The S&P 500 returned 19% this year. Ed Sheeran’s song Shape of You was the Song of the Year, in which he celebrates the physical aspects of love. The song is mostly positive, reflecting the movement in the S&P 500. Ed Sheeran probably loved the shape of the market, too.

The Wrap Up
Regression: I also ran a simple linear regression to determine a simple relationship between return data and the percentage of the song that fell into N or N+ categories.

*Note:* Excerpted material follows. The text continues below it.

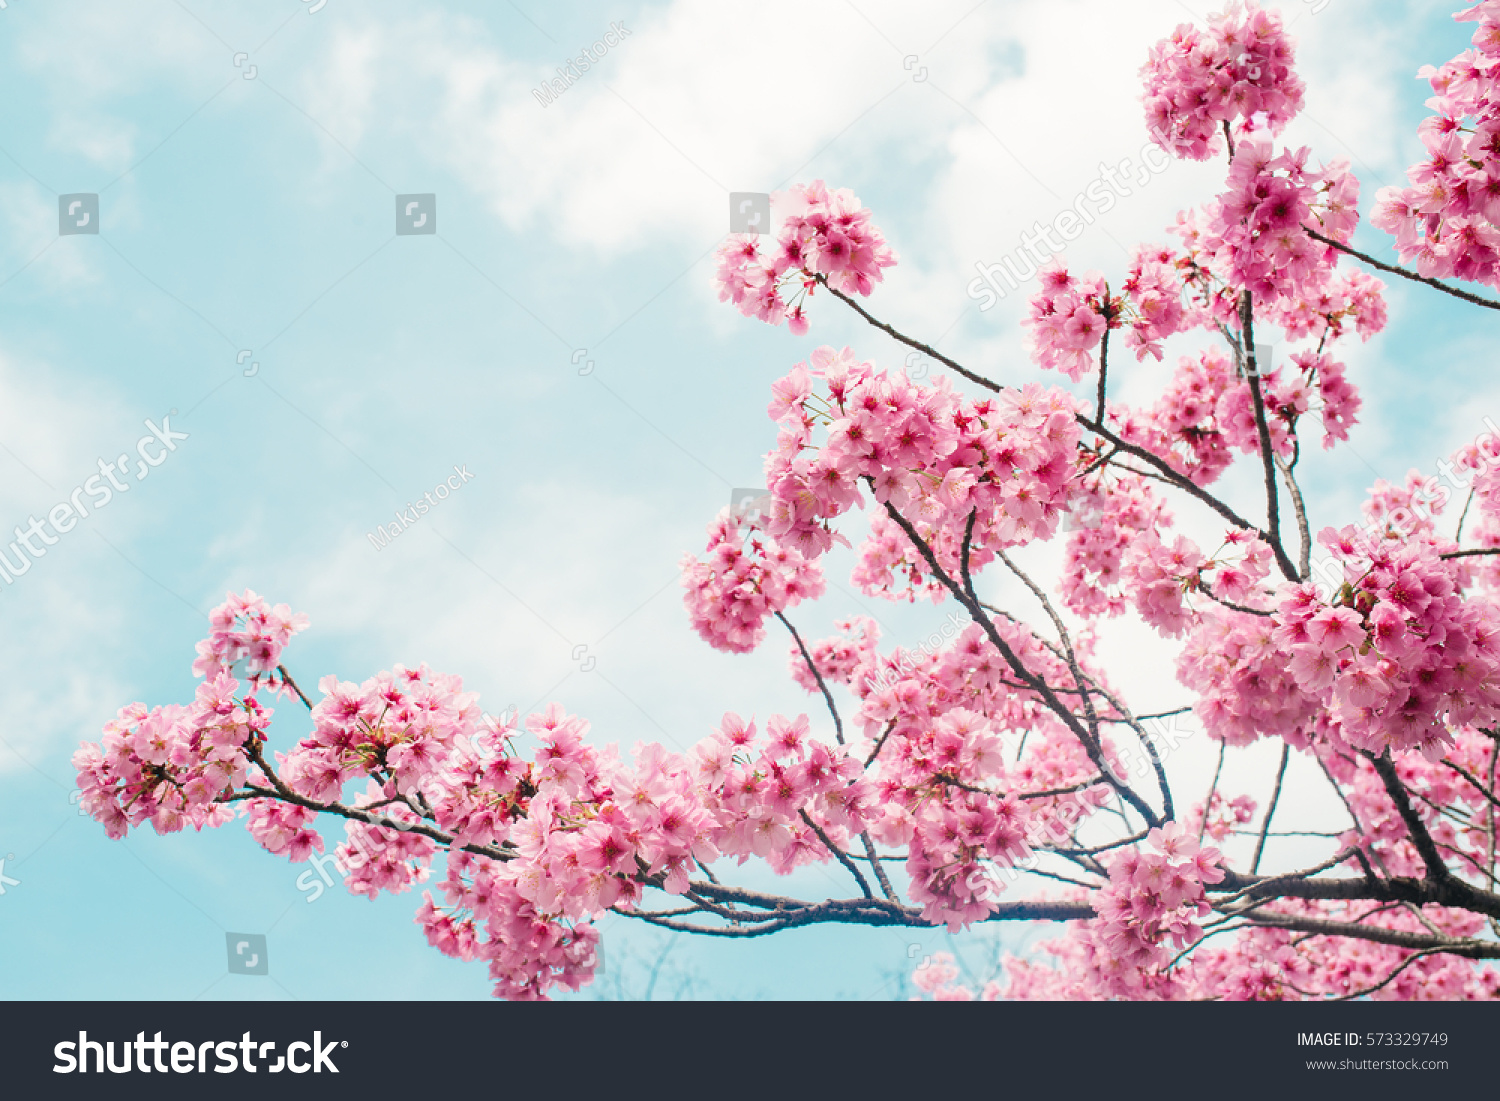 Beautiful cherry blossom sakura in spring time over blue sky. #573329749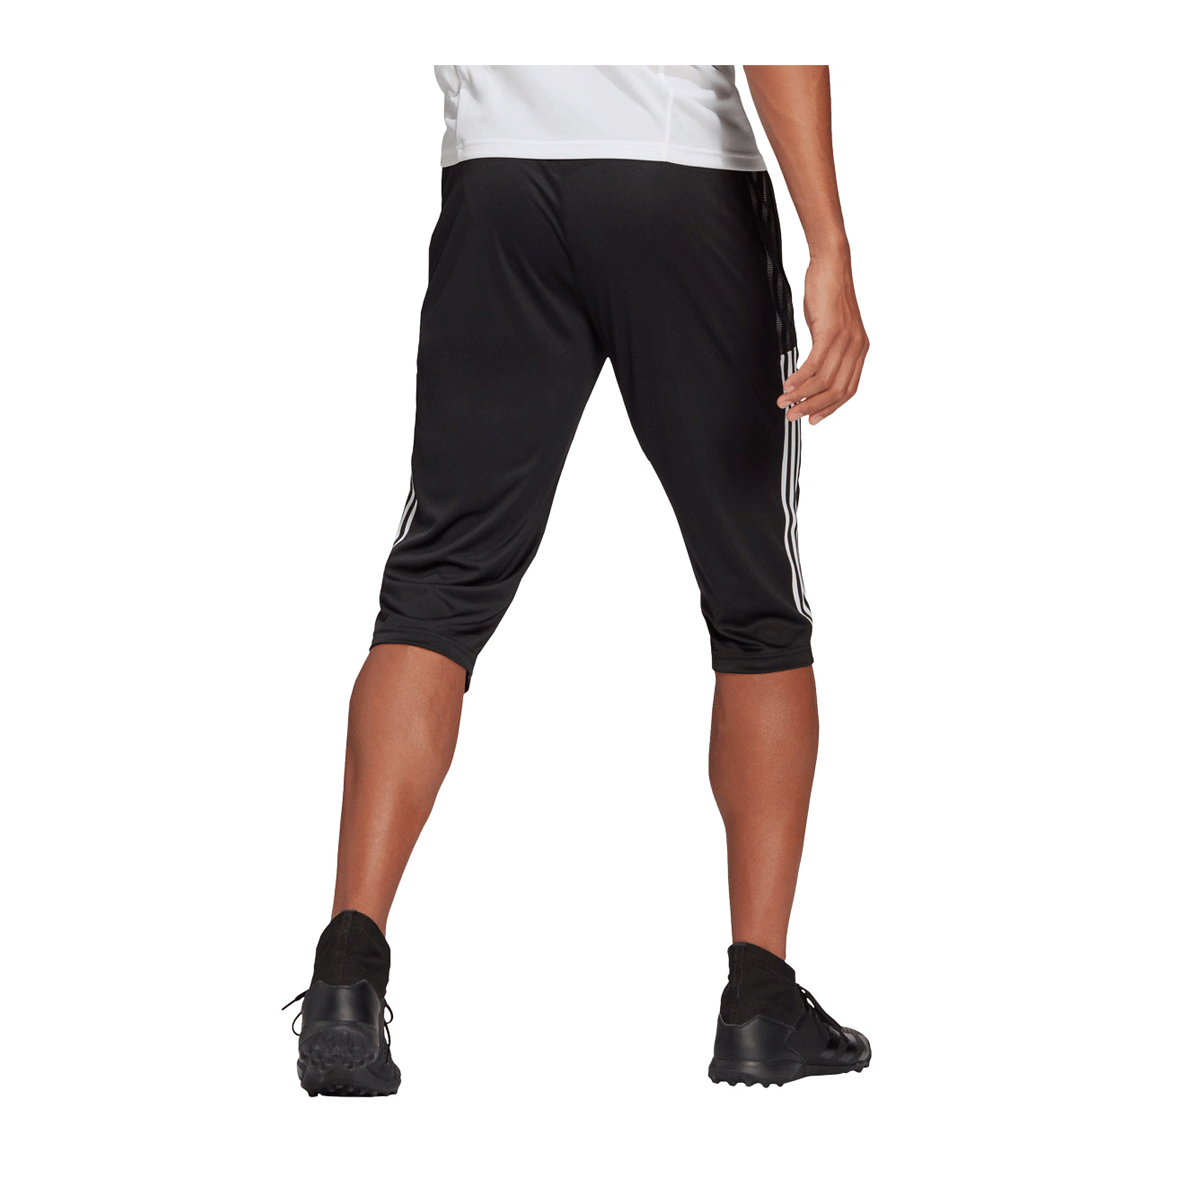 Men 3/4 Length Pocket Shorts Cargo Pants Work Trouser Military Cotton Soft  Solid | eBay

SP 500i,t = Bo + B1Negativityi,t + e
The results were not statistically significant at the 5% level (unsurprising). Comparing the percentage of the song that was negative (N or N+) to that of the S&P 500 return yielded almost no statistical relationship.
Turns out, our music choices don’t quite predict the stock market (at least not for this dataset and dictionary). However, music does serve as an important part of our everyday lives. Artists support our general happiness (something that isn’t captured in market returns).
If you want to help independent artists during these times, the best thing to do is to donate to Patreon and buy merch! There are also sites like SweetRelief and Musicares and SymphonicDistribution that support many indie artists directly.